A closer look at undersea web cable projects

by in Enterprise Tech.

Source: ITsecurity.com

A map of the global cable system. Source: ITsecurity.com

With much of the global focus on delivering wireless internet to places without connectivity, it is easy to forget about the massive undersea cable system that is the main driver for much intercontinental web access. Although wireless internet is the next generation of web connection, the physical cables that span oceans are still vital for connecting countries to the world wide web. Google’s recent much-publicized investment in a $300 million cable that will speed up internet to Asian countries has returned some of the focus to this important technology, but other projects are in the works around the globe to try to boost internet speeds.

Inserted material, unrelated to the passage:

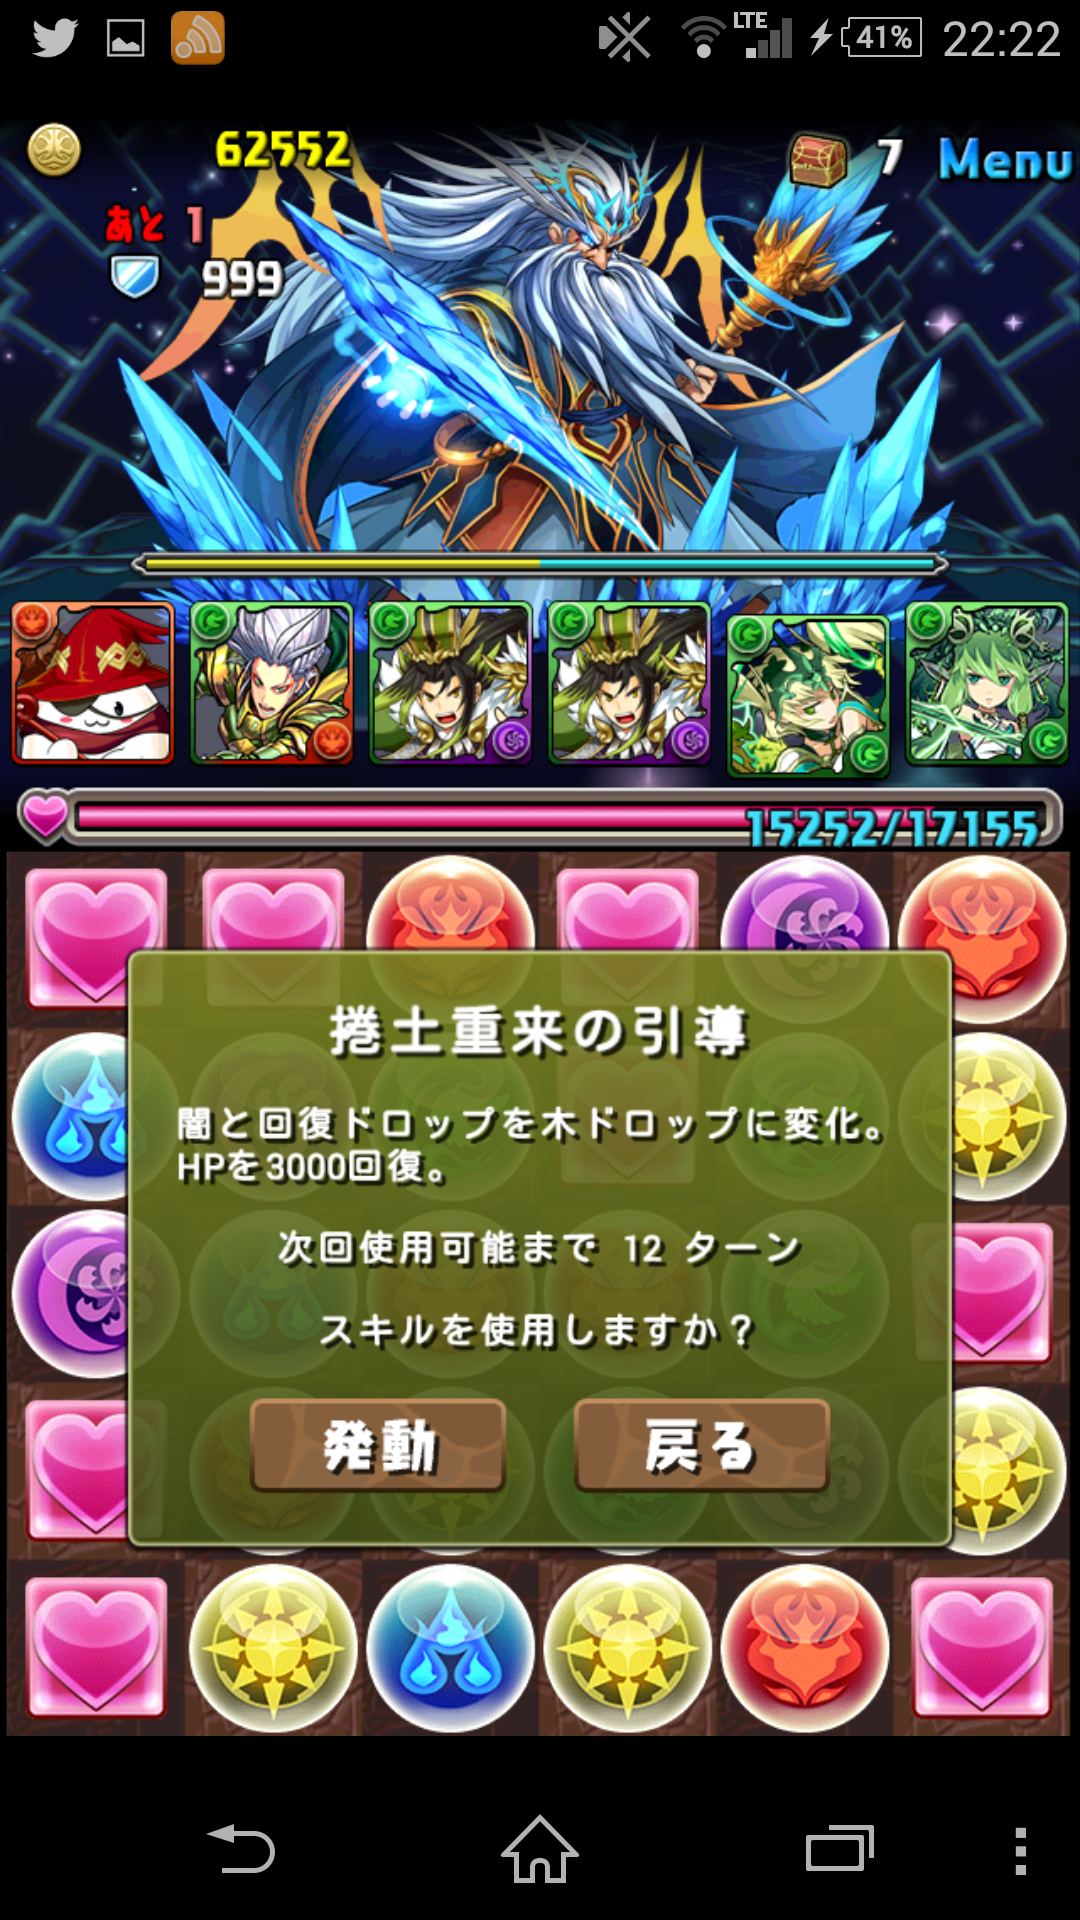 Screenshot_2015-02-20-22-22-26.png

Google’s cable project will employ five East Asian companies to build a 6,000 mile fiber-optic underwater cable that will span the Pacific Ocean, connecting the West Coast of the U.S. to two cities in Japan. The project will address the need for heightened web travel, and is another one of Google’s major cable initiatives which amount to about 100,000 miles of private fiber optic cable routes around the world, according to Forbes. Google revealed that an obstacle — among many physical challenges for laying undersea cables — has come in the form of sharks attempting to chomp the fiber. The company has covered its cables in Kevlar-like material in order to prevent injury to the wires.

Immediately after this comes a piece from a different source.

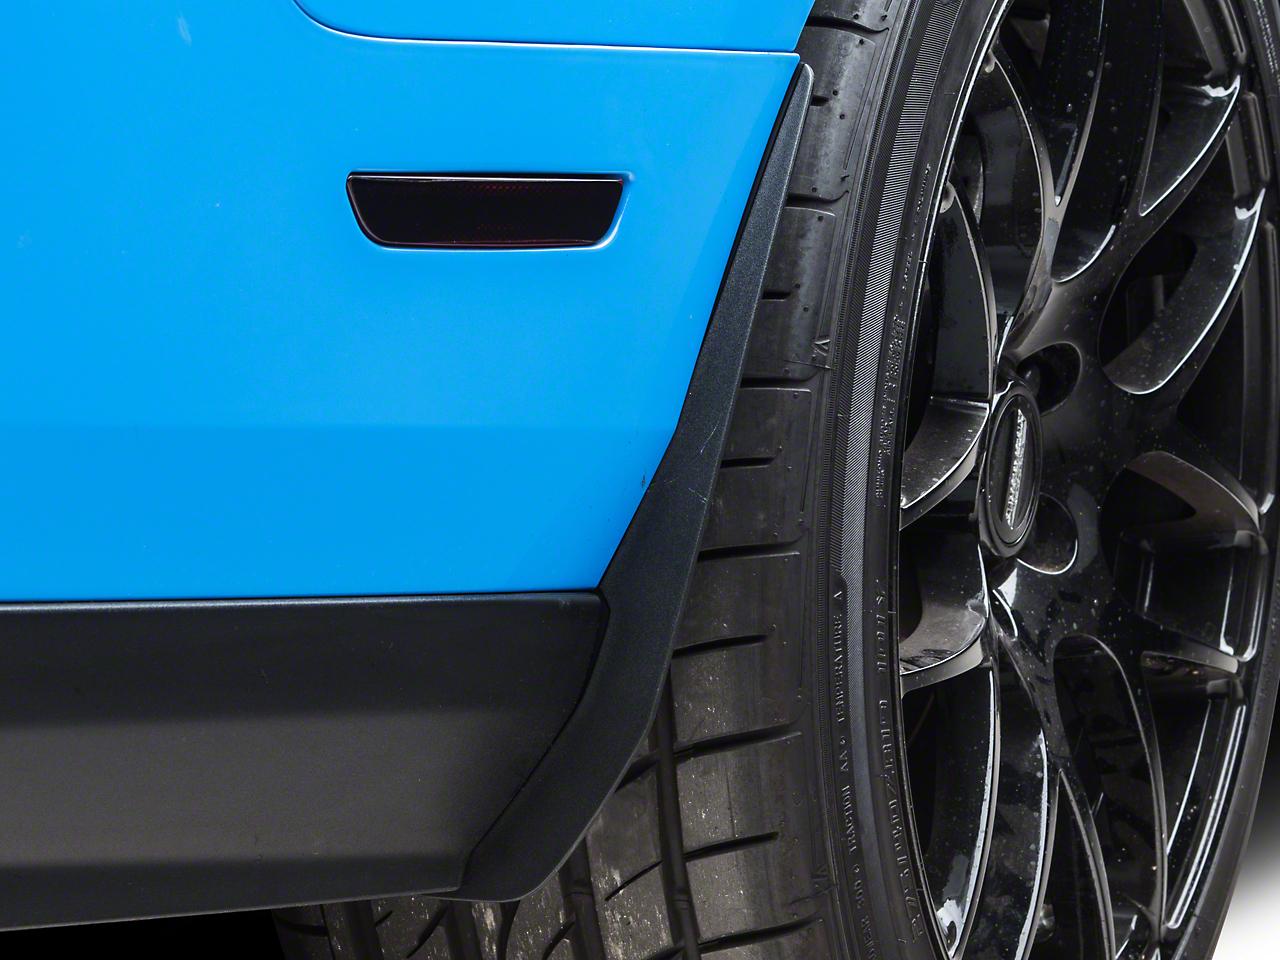 Ford GT500 Rear Splash Guard - Passenger Side (10-14 All)

Projects in Africa are also attempting to fortify the precious cables that connect the continent to the web, as various African countries struggle with maintaining physical cable structures in the face of rampant cable theft. Telecom Namibia has announced that it will begin to repair of the West Africa Cable System (WACS), which is off Namibia’s coast. The WACS is an enormous structure that carries internet to multiple countries, and during the work, Telecom Namibia will transfer internet connections through other undersea cables that span the coast of Africa.

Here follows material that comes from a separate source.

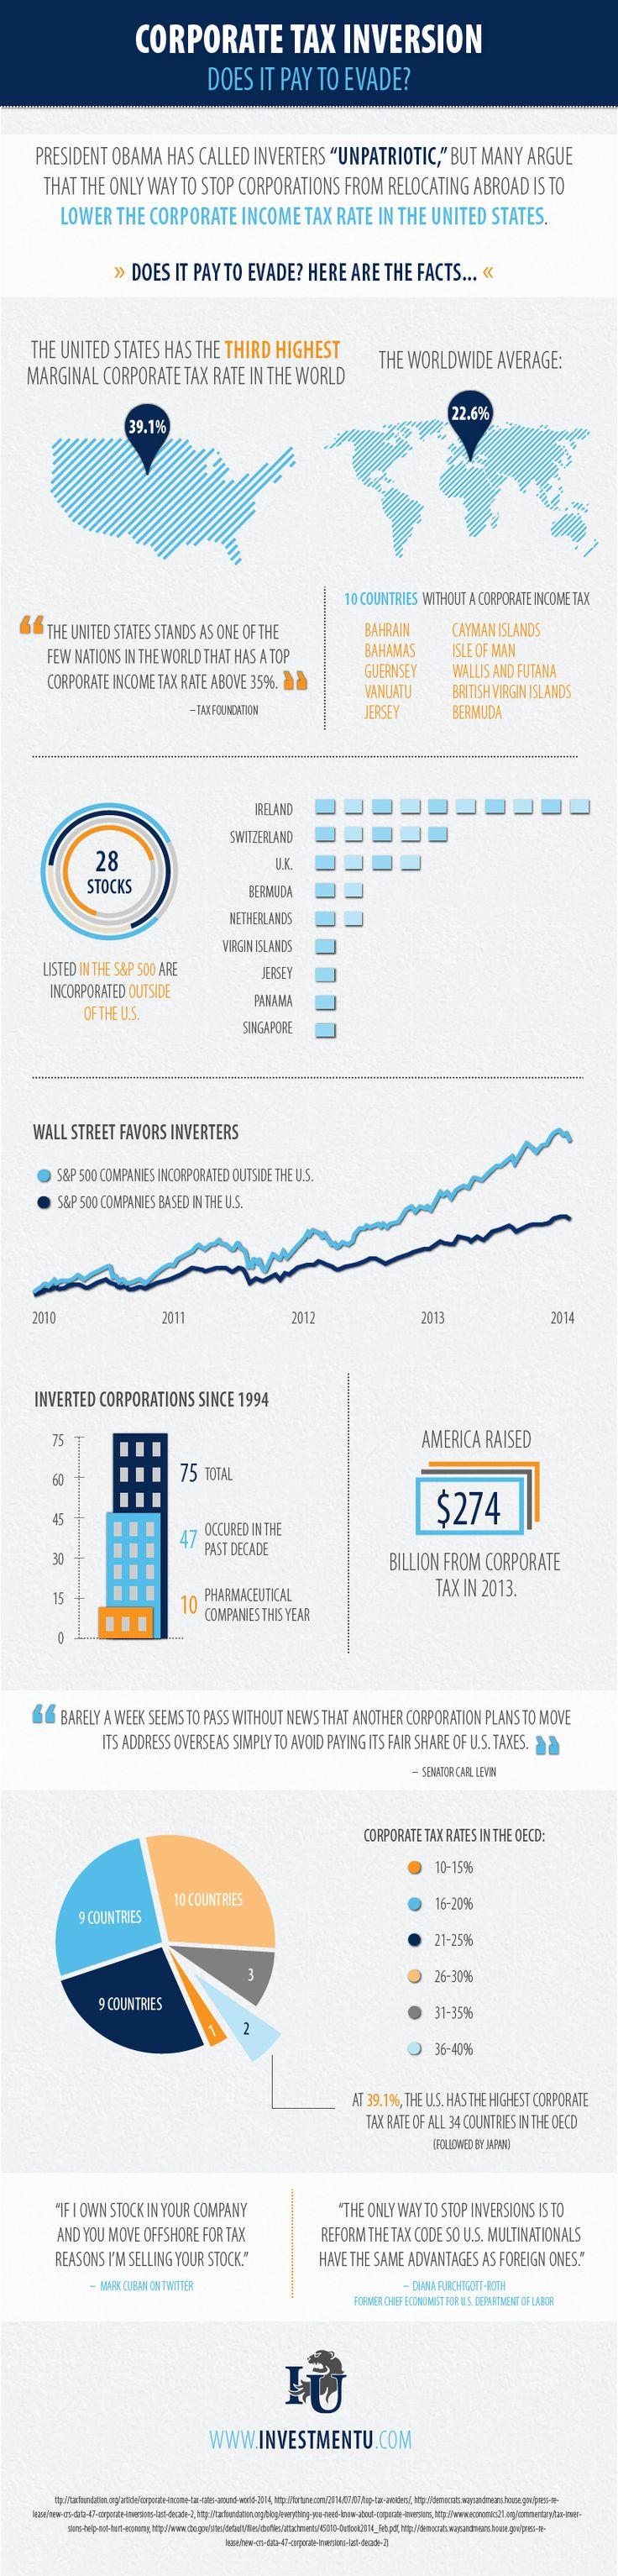 10 High-Yielding Small Cap Stocks Under $15 — Investment U

VISUAL CONTEXT: AFRICAN AND MEDITERRANEAN CABLES

Source: Wikipedia

Source: Wikipedia

Asian countries are ramping up efforts to lay and preserve their cables that connect them to higher-speed internet, especially as the numbers of internet users grows, and faster connections are required. As Google makes its aforementioned moves in this regard, certain countries are trying to ensure that their cable systems are up to par. Last month, Vietnam set upon fixing cables connected to the Asia-America Gateway (AAG) system. The AAG is a 12,400 mile cable system that connects the U.S. including Hawaii, Guam, the Philippines, Hong Kong, Vietnam, Thailand, Brunei, Malaysia, and Singapore. The cable had experienced a cut, affecting internet through Vietnam-based service providers.

Through ramping up efforts to secure the undersea cables — whether from sharks or criminals — countries with slower access can look towards a future of high-speed internet.